A graduate of the doctoral study programme Discrete Mathematics has deep and wide theoretical as well as methodological knowledge in the area of discrete mathematics, he/she has mastered theoretical foundations of discrete mathematics and its real world applications. He/she is familiar with the scientific research methods in the field. He/she is able to discover deep properties of discrete structures and to propose mathematical models in different scientific (but not only) fields. He/she is well prepared to solve practical problems of discrete nature by proposing original ideas and solutions. He/she is familiar with research presentation methods including publishing in scientific journals and lecturing in scientific conferences. A graduate is able to keep the contacts with recent developments in his/her research fields and to influence in a positive way his/her professional career. He/she can assert himself/herself very well as a university teacher, as a team researcher, and also as a private company employee (a member of a managerial multidisciplinary team, an architect of underlying mathematical models, a software developer, and so on) oriented mainly to applications of methods of discrete mathematics.
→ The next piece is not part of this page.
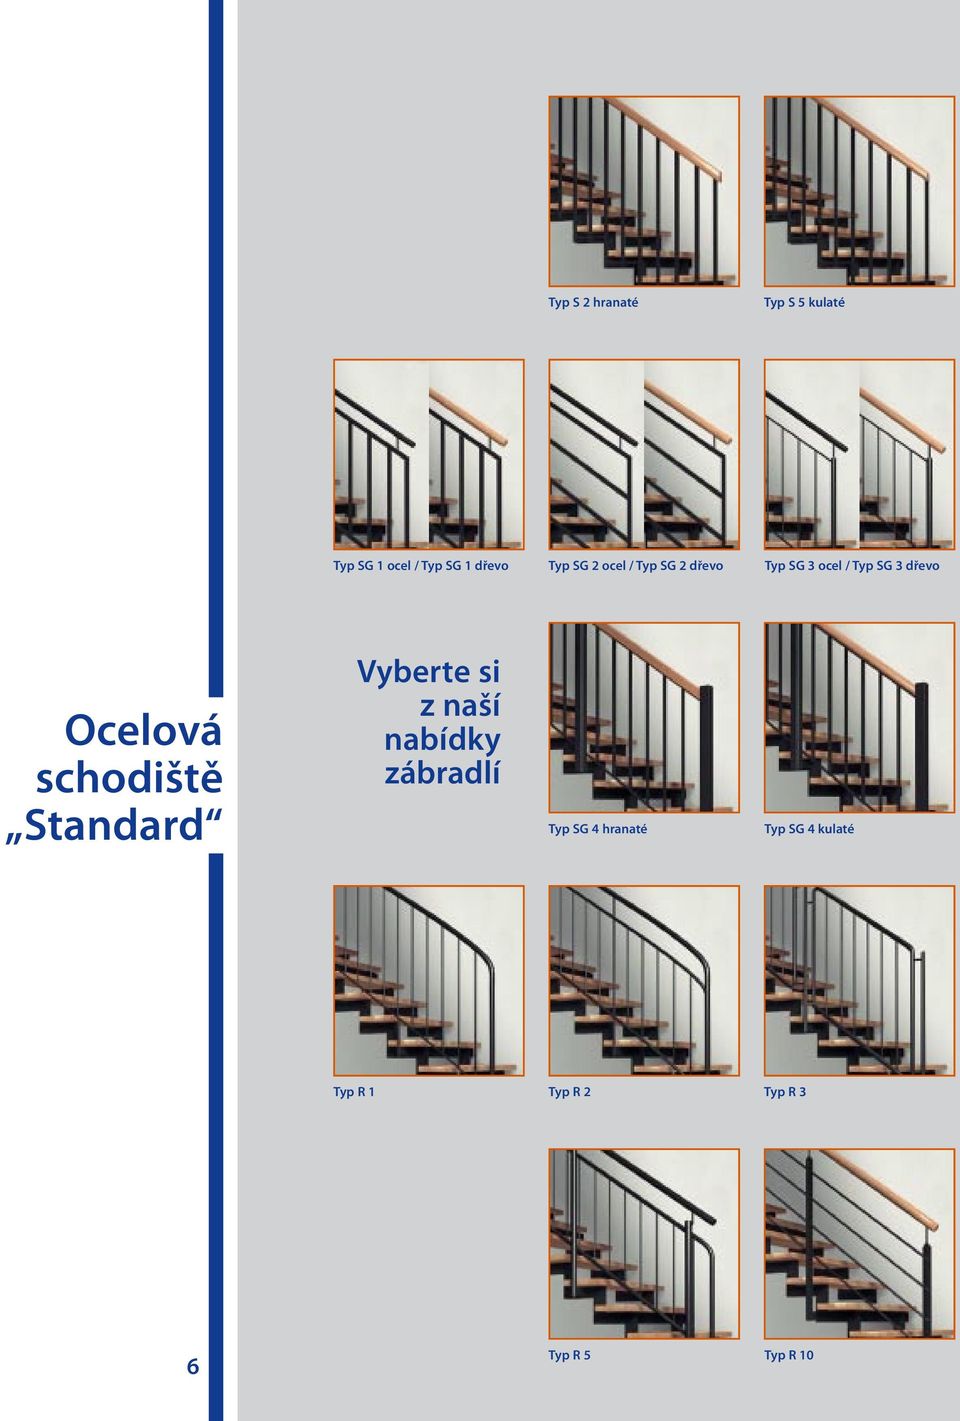 schodiště Standard Vyberte si z naší nabídky zábradlí Typ SG 4

A graduate of the Theory and Practice in Mathematics Teaching will have gained quality education in mathematical disciplines from a curriculum focused on teaching of mathematics mainly in the areas related to IKT, pedagogically-psychological disciplines, as well as quantitative analysis. He or she will be able to apply the acquired theoretical knowledge to problem solving in a society practice, work with academic libraries and journal literature, utilise Internet resources, present personal results at local and international conferences, and formulate mathematical problems, projects and other forms of activation for students.